WORK INSTRUCTIONS:
After locating the line with "Het meisje van toen - thriller", reproduce that line and every one following it exactly, up to the end of the entries.

TASK DATA:
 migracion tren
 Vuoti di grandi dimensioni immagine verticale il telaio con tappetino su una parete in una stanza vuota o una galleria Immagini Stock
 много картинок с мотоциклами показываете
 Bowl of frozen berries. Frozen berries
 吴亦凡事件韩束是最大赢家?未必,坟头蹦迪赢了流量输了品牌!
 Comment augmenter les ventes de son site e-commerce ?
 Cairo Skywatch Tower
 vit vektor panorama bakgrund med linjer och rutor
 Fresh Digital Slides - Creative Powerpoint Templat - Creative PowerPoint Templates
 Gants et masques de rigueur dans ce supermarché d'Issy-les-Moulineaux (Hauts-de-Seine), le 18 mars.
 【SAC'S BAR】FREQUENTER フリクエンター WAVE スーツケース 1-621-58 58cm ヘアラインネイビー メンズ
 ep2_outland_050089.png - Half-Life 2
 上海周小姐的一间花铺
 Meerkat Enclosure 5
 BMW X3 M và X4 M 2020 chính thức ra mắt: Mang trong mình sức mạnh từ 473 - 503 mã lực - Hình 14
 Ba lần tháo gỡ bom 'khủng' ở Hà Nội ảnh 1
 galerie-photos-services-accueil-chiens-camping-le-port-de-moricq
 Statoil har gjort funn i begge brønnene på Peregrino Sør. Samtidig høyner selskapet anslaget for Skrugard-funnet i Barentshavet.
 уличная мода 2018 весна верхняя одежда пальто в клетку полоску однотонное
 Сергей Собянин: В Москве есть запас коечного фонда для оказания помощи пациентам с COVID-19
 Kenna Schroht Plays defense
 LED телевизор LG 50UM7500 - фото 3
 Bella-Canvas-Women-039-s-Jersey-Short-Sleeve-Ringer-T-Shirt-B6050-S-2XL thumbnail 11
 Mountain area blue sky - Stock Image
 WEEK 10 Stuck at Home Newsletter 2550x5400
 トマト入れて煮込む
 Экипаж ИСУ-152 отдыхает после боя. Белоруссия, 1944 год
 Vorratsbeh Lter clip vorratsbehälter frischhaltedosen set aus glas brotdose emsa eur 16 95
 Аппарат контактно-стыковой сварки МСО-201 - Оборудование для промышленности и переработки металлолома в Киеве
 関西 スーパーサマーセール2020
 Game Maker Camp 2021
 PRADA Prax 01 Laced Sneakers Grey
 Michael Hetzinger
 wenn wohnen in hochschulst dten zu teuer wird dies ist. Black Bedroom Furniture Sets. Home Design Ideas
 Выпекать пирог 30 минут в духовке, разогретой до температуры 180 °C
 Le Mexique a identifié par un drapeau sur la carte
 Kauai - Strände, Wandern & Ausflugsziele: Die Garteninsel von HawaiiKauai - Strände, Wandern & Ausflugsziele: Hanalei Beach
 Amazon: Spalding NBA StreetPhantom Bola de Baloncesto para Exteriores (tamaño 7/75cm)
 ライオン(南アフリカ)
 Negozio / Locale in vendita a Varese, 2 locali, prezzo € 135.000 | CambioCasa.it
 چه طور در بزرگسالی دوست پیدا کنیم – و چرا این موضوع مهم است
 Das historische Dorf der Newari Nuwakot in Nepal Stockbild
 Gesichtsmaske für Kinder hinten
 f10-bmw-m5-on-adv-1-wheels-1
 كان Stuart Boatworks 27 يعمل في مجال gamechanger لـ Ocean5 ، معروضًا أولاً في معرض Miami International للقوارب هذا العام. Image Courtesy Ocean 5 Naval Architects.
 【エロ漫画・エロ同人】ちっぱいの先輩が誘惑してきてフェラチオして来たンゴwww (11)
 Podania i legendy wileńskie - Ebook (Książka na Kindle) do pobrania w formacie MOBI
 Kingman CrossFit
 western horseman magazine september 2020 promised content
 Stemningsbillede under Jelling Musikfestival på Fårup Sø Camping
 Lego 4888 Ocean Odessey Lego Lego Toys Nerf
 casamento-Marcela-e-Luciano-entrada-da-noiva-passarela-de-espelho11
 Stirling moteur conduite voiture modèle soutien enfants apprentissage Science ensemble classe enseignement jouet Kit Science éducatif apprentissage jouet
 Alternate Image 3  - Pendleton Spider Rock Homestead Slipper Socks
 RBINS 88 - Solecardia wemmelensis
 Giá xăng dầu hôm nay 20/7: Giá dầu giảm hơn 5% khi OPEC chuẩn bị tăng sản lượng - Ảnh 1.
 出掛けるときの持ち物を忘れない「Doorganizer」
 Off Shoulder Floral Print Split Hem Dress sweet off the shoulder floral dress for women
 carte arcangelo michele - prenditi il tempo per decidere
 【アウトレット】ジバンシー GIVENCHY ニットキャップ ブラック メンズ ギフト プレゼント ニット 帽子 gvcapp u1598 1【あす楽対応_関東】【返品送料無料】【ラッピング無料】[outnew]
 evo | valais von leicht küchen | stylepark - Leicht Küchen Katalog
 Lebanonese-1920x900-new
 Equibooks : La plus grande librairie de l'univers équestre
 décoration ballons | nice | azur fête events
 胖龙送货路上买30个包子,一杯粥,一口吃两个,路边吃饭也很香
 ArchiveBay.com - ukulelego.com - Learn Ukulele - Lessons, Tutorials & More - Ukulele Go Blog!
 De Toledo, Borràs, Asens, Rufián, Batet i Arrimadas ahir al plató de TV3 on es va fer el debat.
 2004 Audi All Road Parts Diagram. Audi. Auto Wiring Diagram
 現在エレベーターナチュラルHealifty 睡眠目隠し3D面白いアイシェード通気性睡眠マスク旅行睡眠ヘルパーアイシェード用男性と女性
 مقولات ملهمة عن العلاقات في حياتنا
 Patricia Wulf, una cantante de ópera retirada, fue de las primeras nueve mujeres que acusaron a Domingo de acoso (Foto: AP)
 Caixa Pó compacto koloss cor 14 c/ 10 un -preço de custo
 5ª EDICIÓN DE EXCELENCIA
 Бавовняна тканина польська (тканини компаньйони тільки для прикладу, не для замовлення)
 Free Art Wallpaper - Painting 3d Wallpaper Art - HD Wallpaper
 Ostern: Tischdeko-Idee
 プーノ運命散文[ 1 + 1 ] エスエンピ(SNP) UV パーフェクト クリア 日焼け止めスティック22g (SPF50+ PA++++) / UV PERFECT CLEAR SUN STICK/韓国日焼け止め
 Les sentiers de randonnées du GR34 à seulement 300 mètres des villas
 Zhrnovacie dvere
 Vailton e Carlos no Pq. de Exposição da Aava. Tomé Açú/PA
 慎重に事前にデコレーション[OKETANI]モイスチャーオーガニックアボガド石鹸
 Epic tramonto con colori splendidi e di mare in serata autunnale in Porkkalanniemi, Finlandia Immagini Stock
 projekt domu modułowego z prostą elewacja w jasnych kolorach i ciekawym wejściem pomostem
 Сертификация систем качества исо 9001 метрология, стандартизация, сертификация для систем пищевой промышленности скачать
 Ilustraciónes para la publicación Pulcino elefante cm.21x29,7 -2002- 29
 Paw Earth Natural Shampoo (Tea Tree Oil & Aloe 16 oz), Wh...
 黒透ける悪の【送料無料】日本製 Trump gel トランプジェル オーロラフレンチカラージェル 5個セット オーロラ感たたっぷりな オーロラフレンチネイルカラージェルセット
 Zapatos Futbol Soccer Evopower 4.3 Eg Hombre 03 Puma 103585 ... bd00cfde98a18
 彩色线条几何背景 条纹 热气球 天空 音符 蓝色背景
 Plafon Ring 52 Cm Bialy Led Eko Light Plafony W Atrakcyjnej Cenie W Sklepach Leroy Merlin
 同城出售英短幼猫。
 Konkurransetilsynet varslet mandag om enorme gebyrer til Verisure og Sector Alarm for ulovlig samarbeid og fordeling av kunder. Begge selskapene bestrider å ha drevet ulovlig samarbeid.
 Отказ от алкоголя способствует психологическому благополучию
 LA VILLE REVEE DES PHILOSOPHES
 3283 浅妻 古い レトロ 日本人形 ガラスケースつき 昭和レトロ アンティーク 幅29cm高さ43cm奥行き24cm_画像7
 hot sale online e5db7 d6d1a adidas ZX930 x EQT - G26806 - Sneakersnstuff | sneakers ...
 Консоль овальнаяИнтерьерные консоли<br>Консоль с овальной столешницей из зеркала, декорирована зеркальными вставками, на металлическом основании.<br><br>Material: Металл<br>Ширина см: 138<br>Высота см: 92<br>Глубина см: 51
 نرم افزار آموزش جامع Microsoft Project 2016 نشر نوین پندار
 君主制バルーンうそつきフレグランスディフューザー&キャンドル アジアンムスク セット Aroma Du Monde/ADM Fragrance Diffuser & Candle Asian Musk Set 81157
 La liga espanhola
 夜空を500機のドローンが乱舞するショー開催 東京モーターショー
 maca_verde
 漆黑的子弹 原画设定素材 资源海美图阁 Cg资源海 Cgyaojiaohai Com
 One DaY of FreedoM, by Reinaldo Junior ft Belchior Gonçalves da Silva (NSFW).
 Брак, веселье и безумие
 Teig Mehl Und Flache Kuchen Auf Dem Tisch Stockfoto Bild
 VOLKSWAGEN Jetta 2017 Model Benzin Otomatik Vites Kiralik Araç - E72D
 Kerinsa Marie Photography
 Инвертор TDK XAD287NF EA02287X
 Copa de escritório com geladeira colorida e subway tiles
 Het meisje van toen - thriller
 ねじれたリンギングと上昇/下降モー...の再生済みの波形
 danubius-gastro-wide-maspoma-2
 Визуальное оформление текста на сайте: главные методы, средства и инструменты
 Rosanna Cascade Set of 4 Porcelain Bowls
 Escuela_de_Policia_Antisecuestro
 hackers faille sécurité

TASK SOLUTION:
 Het meisje van toen - thriller
 ねじれたリンギングと上昇/下降モー...の再生済みの波形
 danubius-gastro-wide-maspoma-2
 Визуальное оформление текста на сайте: главные методы, средства и инструменты
 Rosanna Cascade Set of 4 Porcelain Bowls
 Escuela_de_Policia_Antisecuestro
 hackers faille sécurité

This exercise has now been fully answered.